FDM/OS talk: Code, models, data — licensing questions in research software (DHinfra)

On 19 March 2026 I gave a talk (in German) at the FDM/OS series at the University of Graz. The audience was allegedly three times the usual size for that slot. The topic obviously resonates well beyond a single institution.

After consulting our internal procedures and a year’s worth of team decisions, I kept the scope deliberately modest: University of Graz, DHinfra, what we have learned in practice, and definitely NOT a widely applicable legal primer.

Slides (Zenodo, CC BY 4.0): doi:10.5281/zenodo.19162768

Accordingly, this is not a generic compliance talk. In DHinfra, software is partly budgeted as infrastructure (alongside hardware), with a dedicated FOSS investment envelope (for three software packages). With this, we evaluate candidates, negotiate commitments, and decide what the consortium formally supports. The three tools that received that investment are QLever (high-performance SPARQL search, Apache 2.0), Zellij (ontology-oriented data management, Apache 2.0), and liiive.now (collaborative IIIF image annotation, MIT).

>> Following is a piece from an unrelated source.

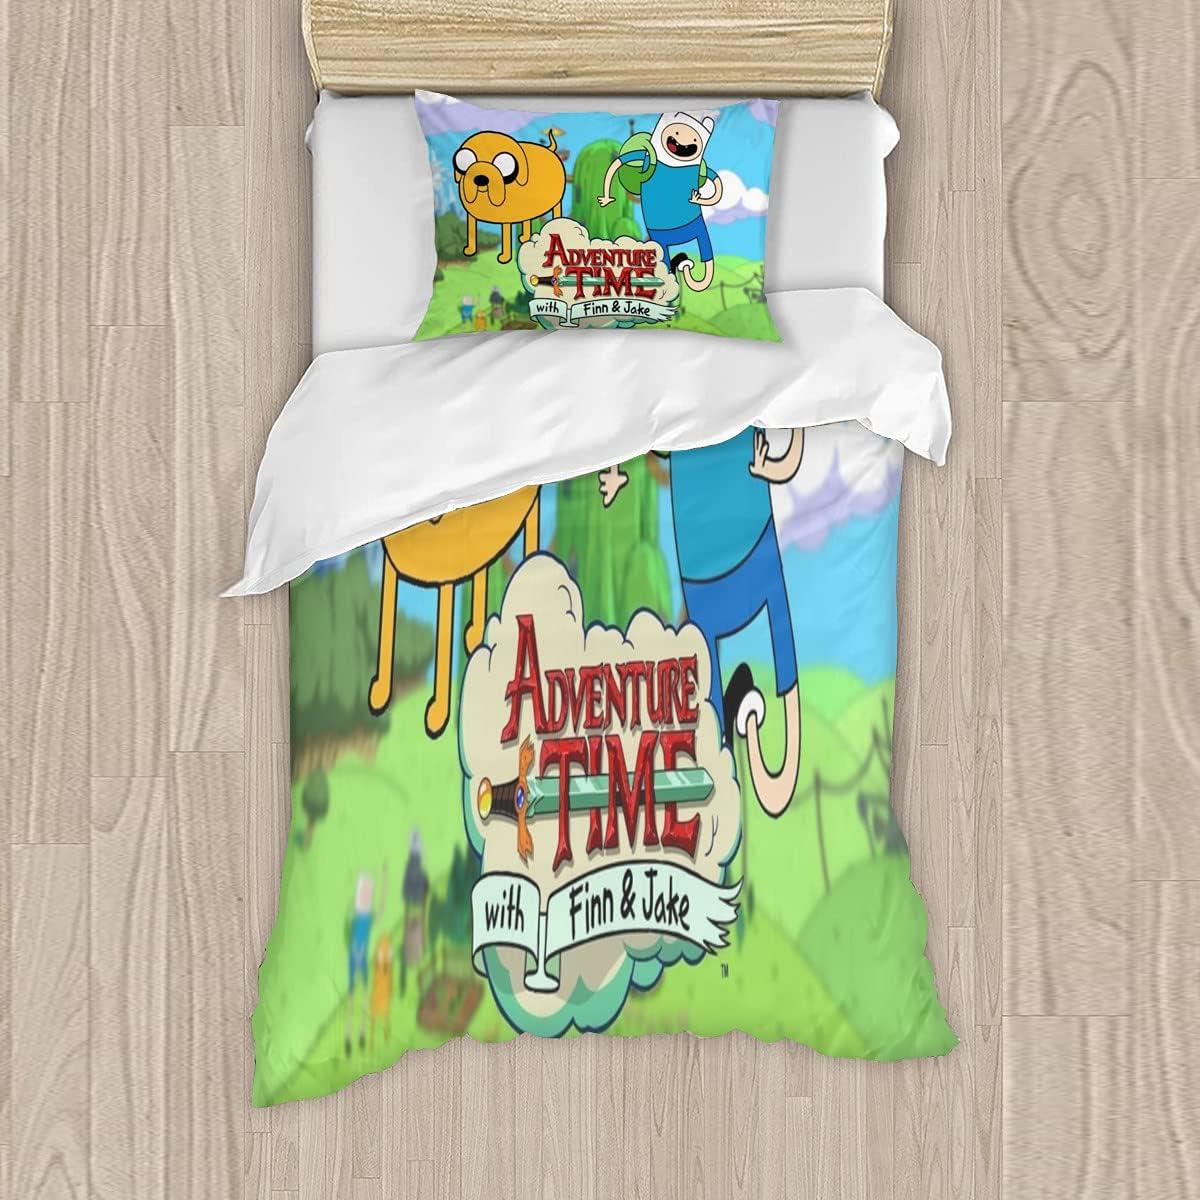 Adventure Time Free Shipping New Unisex 3-Piece Bedding Su Zipper ...

Huge thanks to my colleagues who have carried a good part of the load in our processes—especially Lukas Waldhofer, Florian Wachter, Elisabeth Steiner, and Walter Scholger, as well as the FOSS working group at dhinfra.at.

Two points I tried to land#

First, choosing “a fitting” open licence for “research software” is rarely enough. A PI (or whoever owns the research project) needs to think about the value chain. These include dependencies, how a component sits in a larger stack, reuse by others, and how funding and institutional policies constrain choices. Licensing sits in the many middles of that flow, not only at the beginning or end. It is definitely not a simple checkbox you can tick off using a form wizard.

Second, this is too heavy to expect every researcher to internalise alone—especially when so much work runs on third-party funding with reporting and exploitation clauses that interact with software, models, and data. What helps is advance planning and access to consolidated expertise (legal + research IT / RDM), ideally with coordination beyond a single chair where that is realistic. In my opinion, we should not pretend that one short talk will solve organisational design (flaws).

Why the “rabbit hole” metaphor sticks#

Licensing for code, models, training data, and documentation stacks layers of obligations and compatibility questions. Recent news and public discussions—e.g. attribution and model licensing in commercial AI products (including cases that have drawn scrutiny in the press)—are a very good reminder that a naive reuse of weights or code can cause serious problems. For a recent cast (not legal advice), see for example the March 2026 overview “AI Model Licensing: Legal Rules for Open-Source Attribution” on Recording Law.

This growing complexity is why I am glad we dug into it in DHinfra. I am also somewhat relieved to step back from the detail: I understand much better what can go wrong with careless licensing, and I am convinced that funding bodies and institutions should treat licensing expertise as infrastructure, not as an optional extra left, again, to researchers.

If this note and/or talk helps nudge a single PI toward an earlier conversation with RDM or legal, it was worth the nerves.

PS: Recordings will be available soon.